Will she lay more and do it again... she is still hiding and not eating. I probably didn't get them all out.


----------



## emc7 (Jul 23, 2005)

I've never seen a mouthbrooder carry unfertilized eggs, only seen substrate-spawners guard them. Did the eggs you took out look clear, or were they opaque and fuzzy. Don't feed if she won't eat, offer food every week and remove it if she won't take it.


----------



## darkfalz (May 7, 2006)

They looked as I said like wet, plump sesame seeds. Same colour.


----------



## Laura Ann (May 3, 2006)

darkfalz said:


> Now I really feel bad. I picked "him" up - there was something in his mouth, looks like eggs.. like plump, wet seasame seeds. About 10 of them. I took them out... did I do a bad thing? Will (s)he ever trust me again? Seems to be looking for them, or otherwise just freaking out (that portion of her lower mouth is still jutting out a bit though). She hasn't been in contact with another fish for more than a month, where did the eggs come from and why were they in her mouth? Could it have been something else?


I'll bet they were just unfertilized eggs. Which reminds me of something else, I will mention that in a second. 

Anywho, she will forgive you, and she will trust you again. You are the "Food God" and cichlids love their food Gods  Taking them out wasn't a bad thing at all. I strip females on a weekly basis, and they never hold it against me 

Now onto my other point... this fish was badly beaten, correct? 

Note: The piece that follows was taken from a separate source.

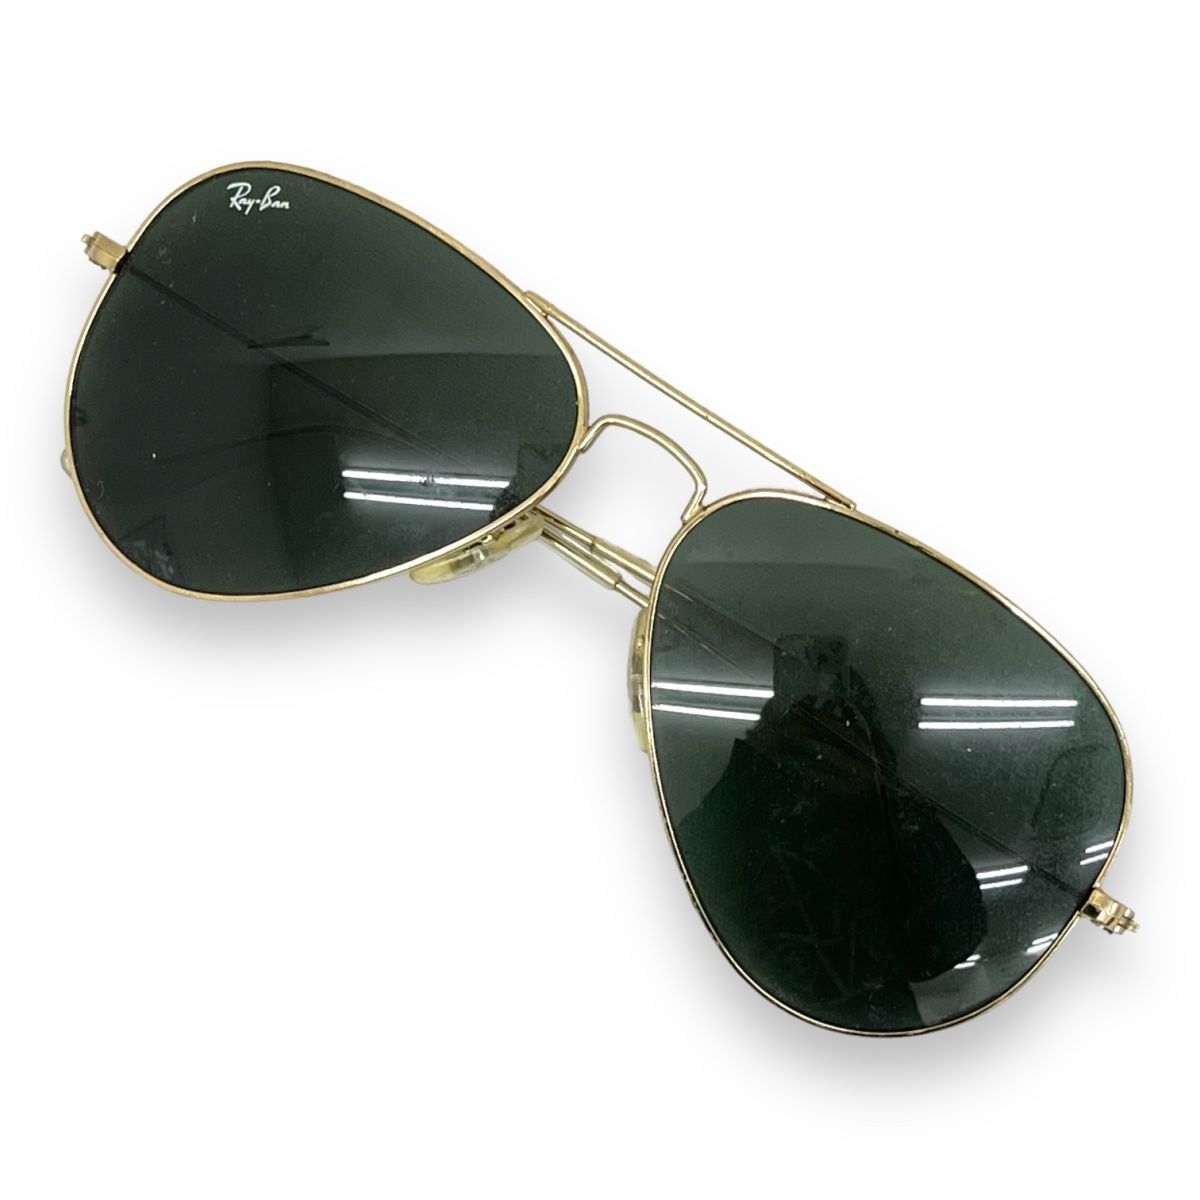 Ray-Ban RayBan sunglasses glasses I wear fashion brand Teardrop RB3025 aviator AVIATOR green case attaching

If so, then she may have been beat because she wasn't holding for her males. I have a female now that got the snot beat out of her, because she wasn't "pulling her weight" (that is how it was eplained to me anyway). So maybe, just maybe she wasn't ready to brood yet, and a male decided she was waiting too long


----------



## darkfalz (May 7, 2006)

Every fish in that tank got bashed, but she was really in shreds when I took her home. Once the other cichlids were removed, he started on the tiger barbs and even the poor pleco. But he's out now, I've got him in a tank ready to go back to the fish store (pictured - plucky and impressive guy but can't forgive him for all the killing). Still deciding whether or not my rescue fishy is going back too. She still spends most of her time hiding behind her rock, she's dug a hole in the gravel there... before the eggs incident she was coming to the front much more to say hello and beg for food. But she's at least eating again now, not hanging on to any more eggs.


----------